Shortly thereafter, PG&E filed a motion for judgment on the pleadings, again raising the statute of limitations and failure to exhaust administrative remedies. The court granted the motion in part, concluding the causes of action relating to Crook's termination were barred by the statute of limitations because they did not relate back to the original complaint. The court denied the same relief as to the defamation cause of action. PG&E then filed a second motion for judgment on the pleadings, arguing the defamation claim failed to state a claim for various reasons. The trial court granted this motion on the ground communications made during the grievance proceedings were subject to the litigation privilege of Civil Code section 47, subdivision (b). Judgment was entered for PG&E.
Although Crook's notice of appeal referred only to the order granting the second motion for judgment on the pleadings, we construe the notice as an appeal from the trial court's entry of judgment. (See In re Joshua S. (2007) 41 Cal.4th 261, 272 [notices of appeal are to be liberally construed].)
II. DISCUSSION
Crook argues PG&E was precluded by Code of Civil Procedure section 438, subdivision (g) from raising the statute of limitations argument in its motion for judgment on the pleadings because it had already raised the argument in the prior unsuccessful demurrers. On the merits, he argues the trial court erred in granting the motions for judgment on the pleadings because the two civil rights causes of action related back to the original complaint and the defamation claim was not barred by the litigation privilege.

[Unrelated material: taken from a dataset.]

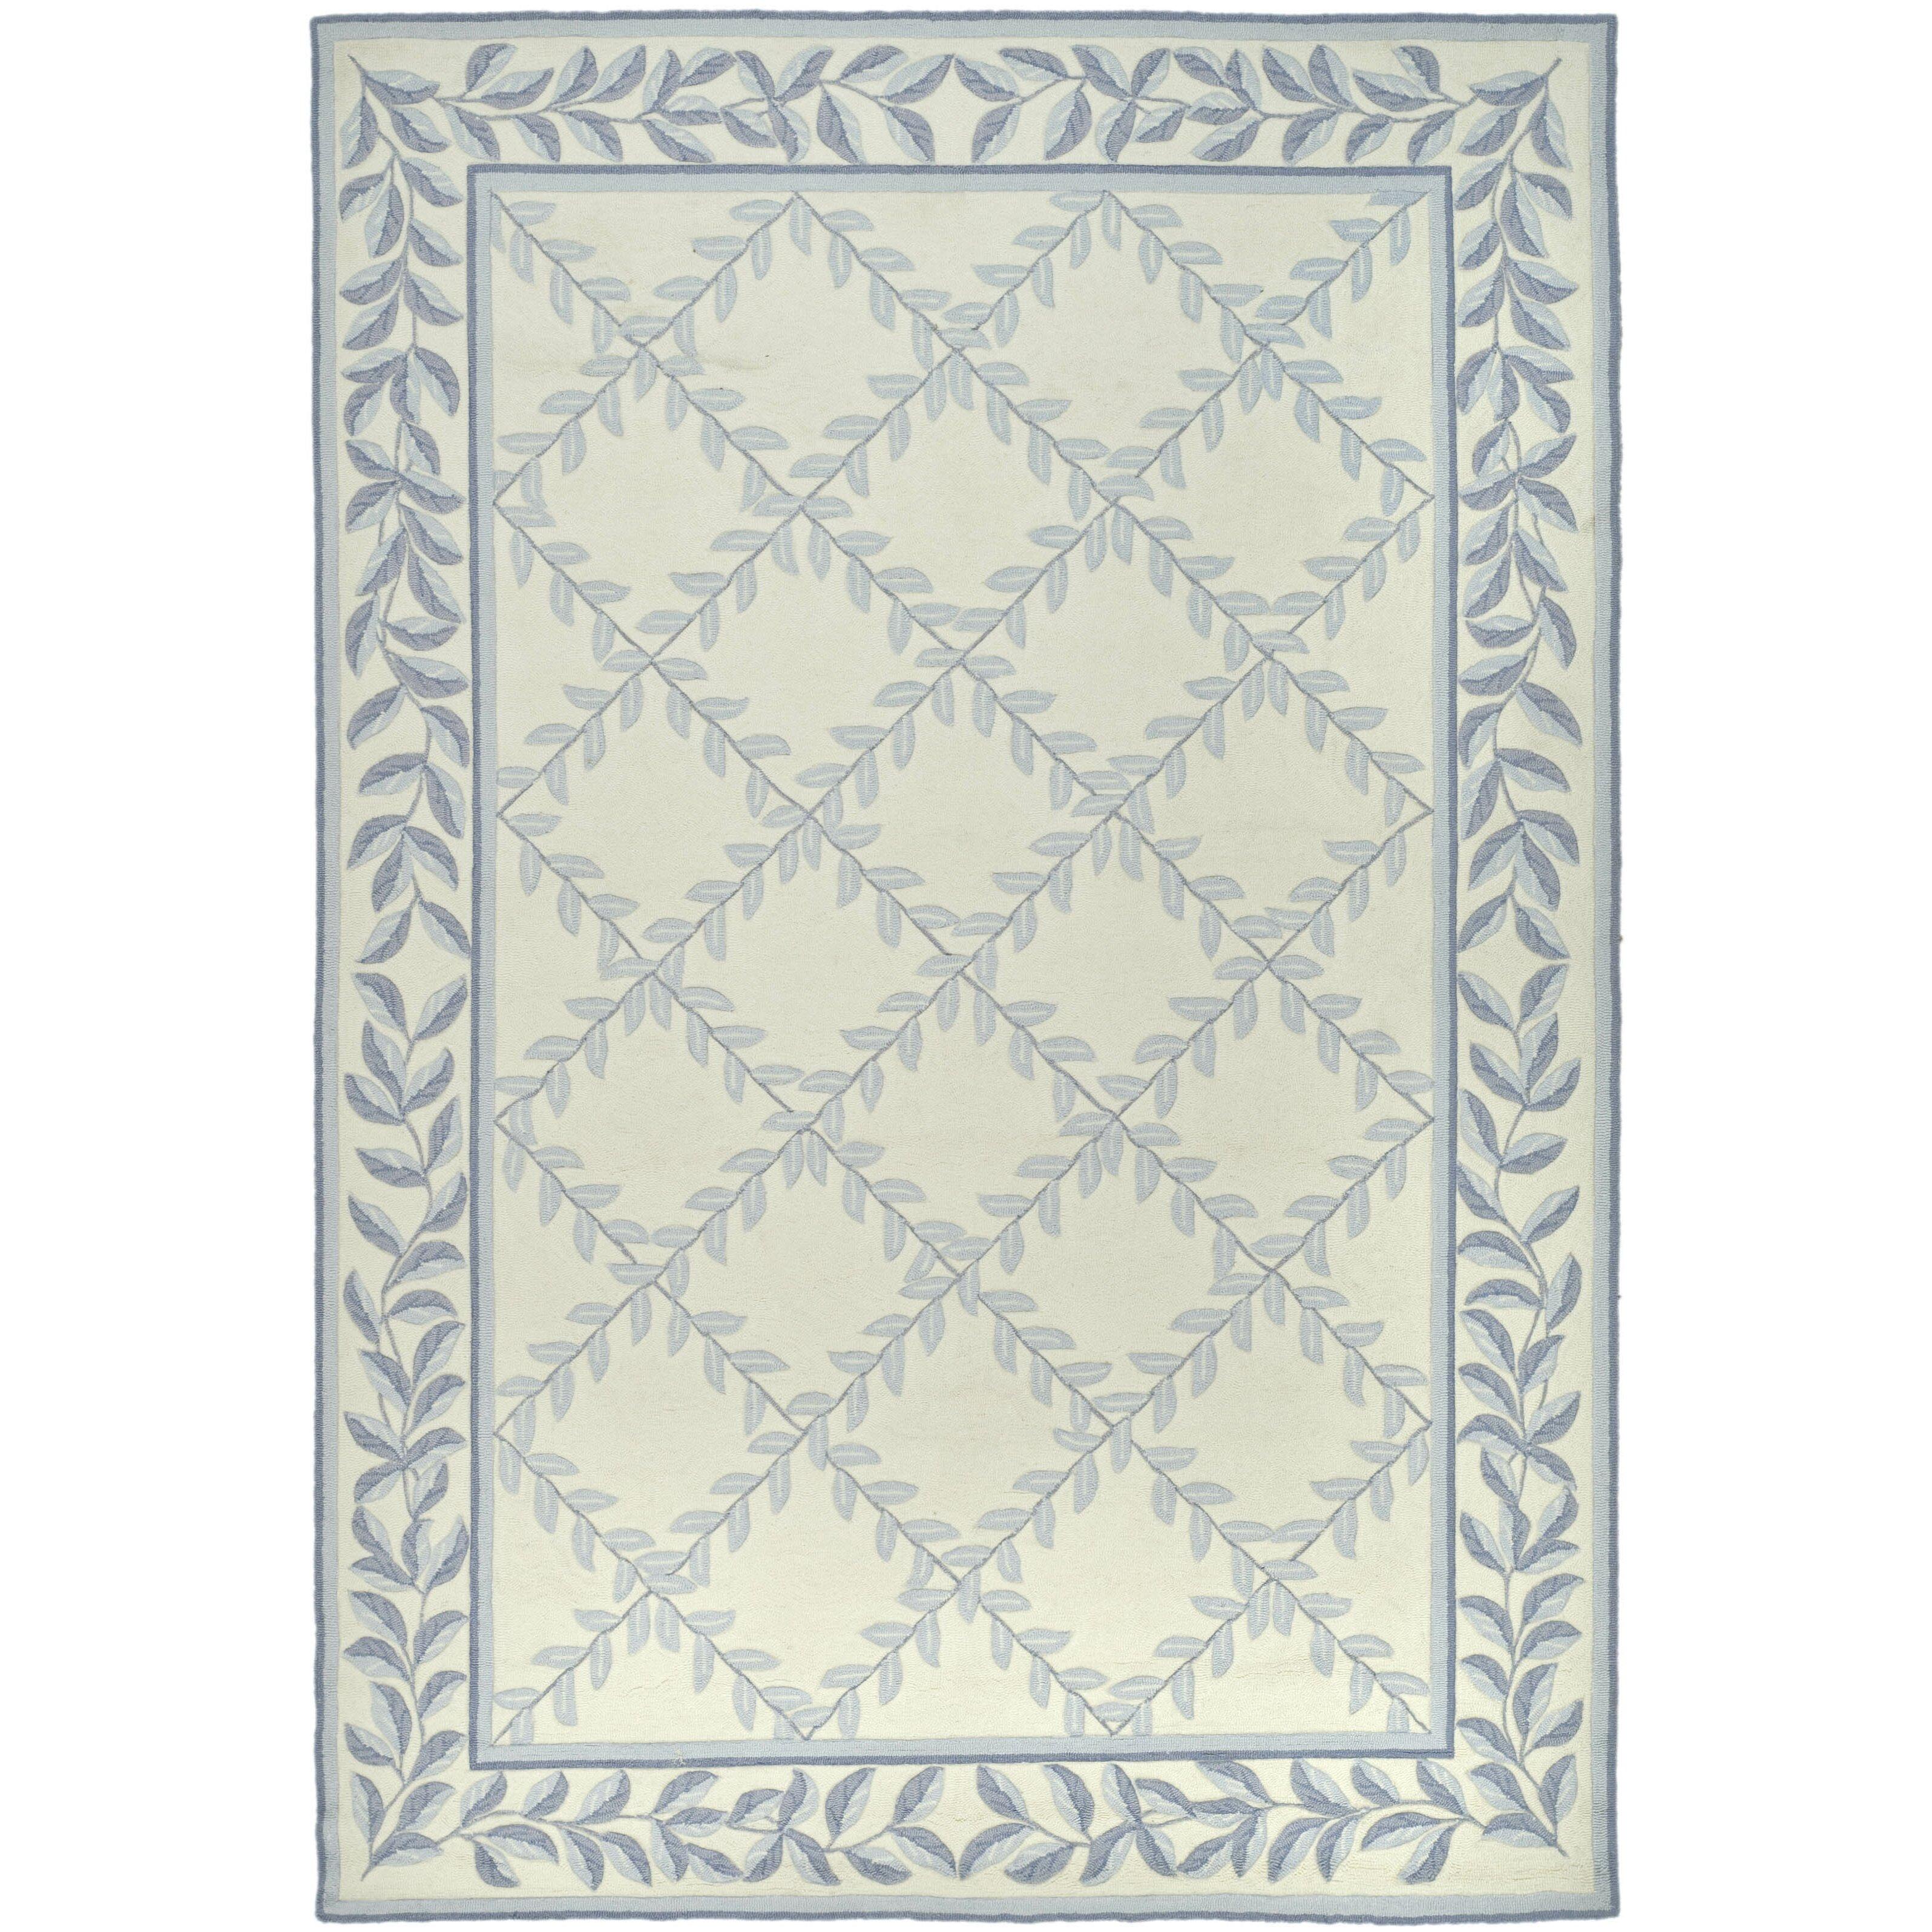 Safavieh durarug ivory light blue area rug reviews wayfair for Safavieh rugs
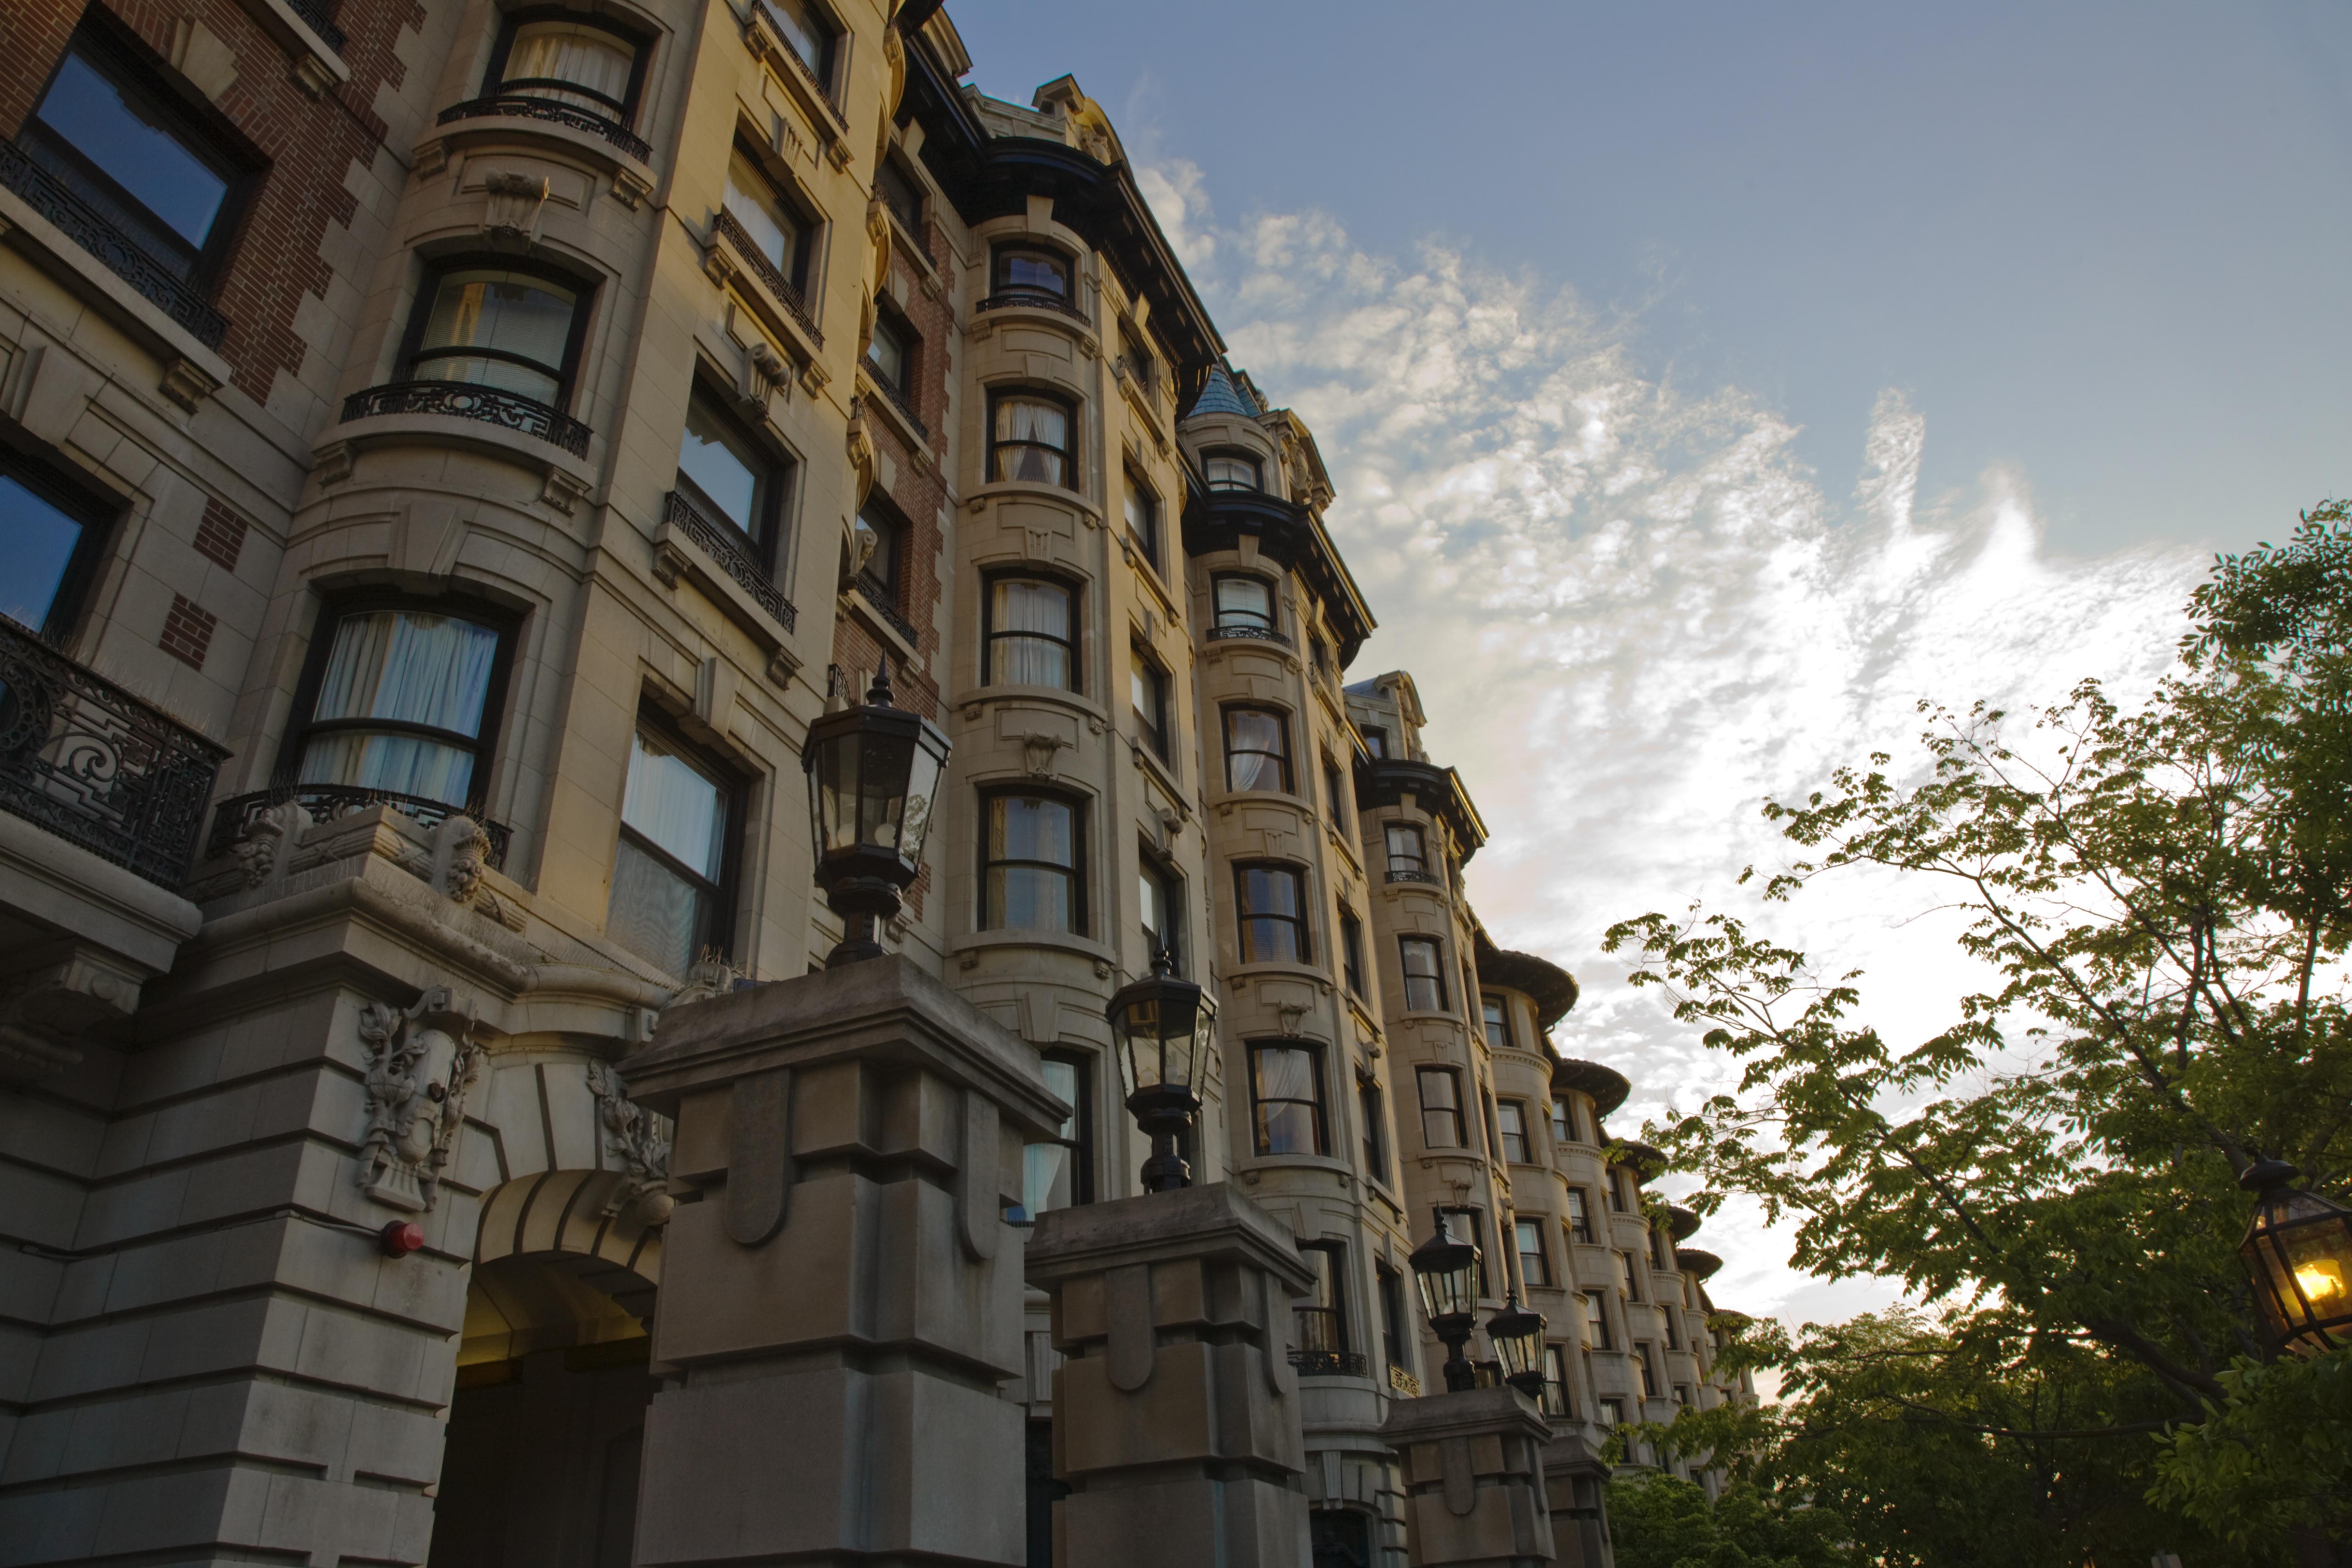 Classic Stone Buildings Along Commonwealth Avenue, Boston, Massachusetts

"In an appeal from a motion granting judgment on the pleadings, we accept as true the facts alleged in the complaint and review the legal issues de novo. 'A motion for judgment on the pleadings, like a general demurrer, tests the allegations of the complaint . . . , supplemented by any matter of which the trial court takes judicial notice, to determine whether plaintiff . . . has stated a cause of action.' " (Angelucci v. Century Supper Club (2007) 41 Cal.4th 160, 166.) A. The Prior Demurrers
Code of Civil Procedure section 438, subdivision (g) precludes a party from making a motion for judgment on the pleadings on the basis of an argument raised in an overruled demurrer unless "there has been a material change in applicable case law or statute since the ruling on the demurrer." Crook contends the statute was violated by PG&E's first motion for judgment on the pleadings because PG&E had twice raised the statute of limitations in its unsuccessful demurrers.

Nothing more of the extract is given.